Nice to have a self build system. Of course, nicer would be to have a self programmed system.

How much time? I do not have much time! I never did buildworld. Sometimes I compile the kernel, no more.

I have some compiled programs in /usr/opt, and I decided to reduce the number to the absolutely necessary by using as much packages as necessary. I recognize that packages are a valuable service.

Do you like to compile, to build? Then become a package/port maintainer! There are a lot of orphaned ports, there are a lot of programs that can become a port.


----------



## SirDice (Apr 4, 2022)

Make sure you do a `make clean`, or your build times will be skewed by earlier builds.


----------



## grahamperrin@ (Apr 4, 2022)

SirDice said:


> Make sure you do a `make clean`,



Will it make the subsequent build slower, or faster?


----------



## SirDice (Apr 4, 2022)

grahamperrin said:


> Will it make the subsequent build slower, or faster?


If you use WITH_META_MODE it will only rebuild what needs to be rebuild.
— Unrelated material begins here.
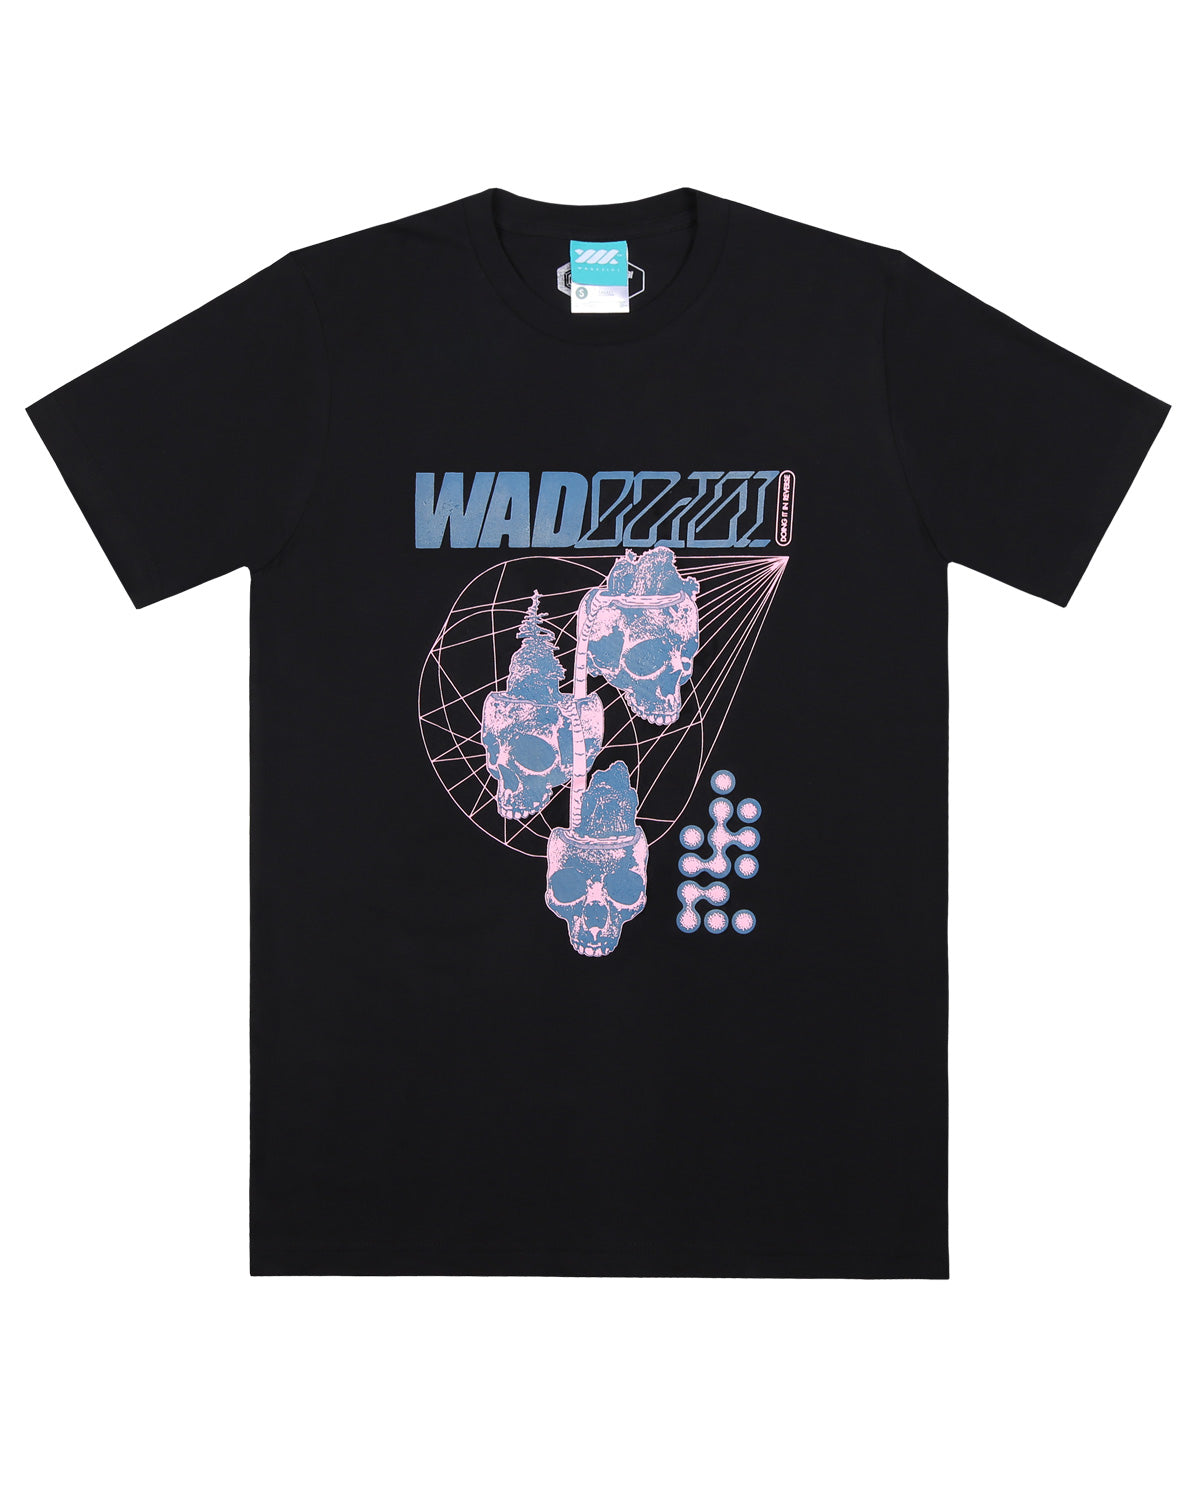 Wadezig! T-Shirt - Waterfall Black Tees
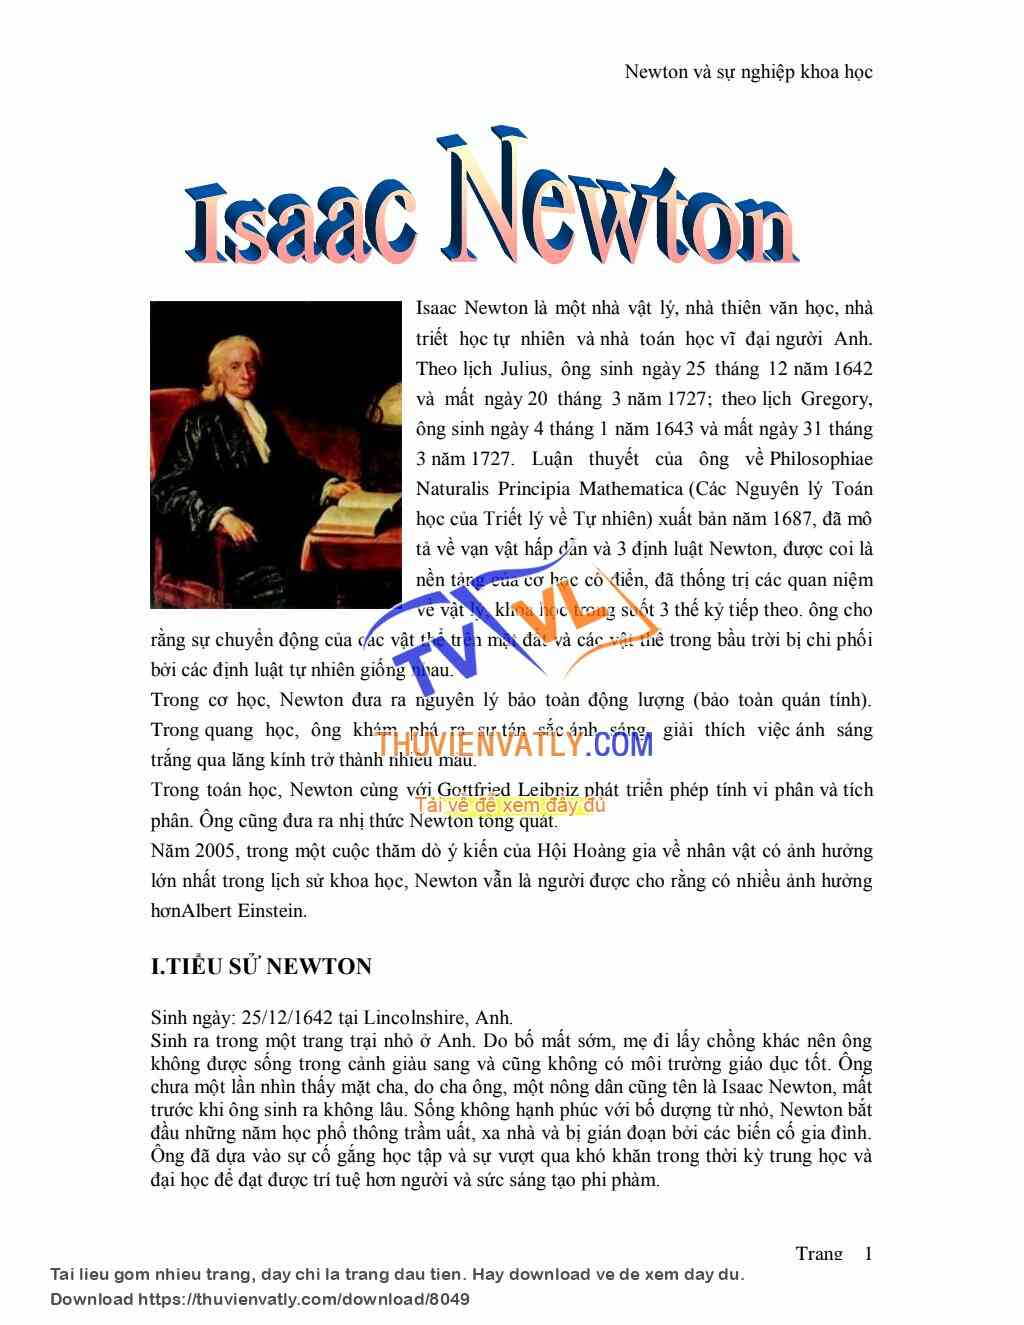 Isaac Newton và sự nghiệp khoa học

So this will skew your build times. Numbers are only comparable if they're a "full" build, from start to finish. Hence a `make clean` to clear out any of the previous builds. Or else you're comparing partial build times with complete build times.


----------



## MarcoB (Apr 6, 2022)

Just got a new system after 18 years, so couldn't resist to post here. A full buildworld finished in 1141 seconds. The kernel was built in exactly 100 seconds. So I'm quite happy


----------



## covacat (Apr 6, 2022)

if exit code does not count, under one second


----------



## astyle (Apr 6, 2022)

covacat said:


> if exit code does not count, under one second


Did the compilation even start for you?


----------



## meaw229a (Apr 7, 2022)

MarcoB said:


> Just got a new system after 18 years, so couldn't resist to post here. A full buildworld finished in 1141 seconds. The kernel was built in exactly 100 seconds. So I'm quite happy


What's the hardware?


----------



## MarcoB (Apr 7, 2022)

It's an Intel i9-10900x, 64GB ram, 500GB SSD and a 2TB harddrive.


----------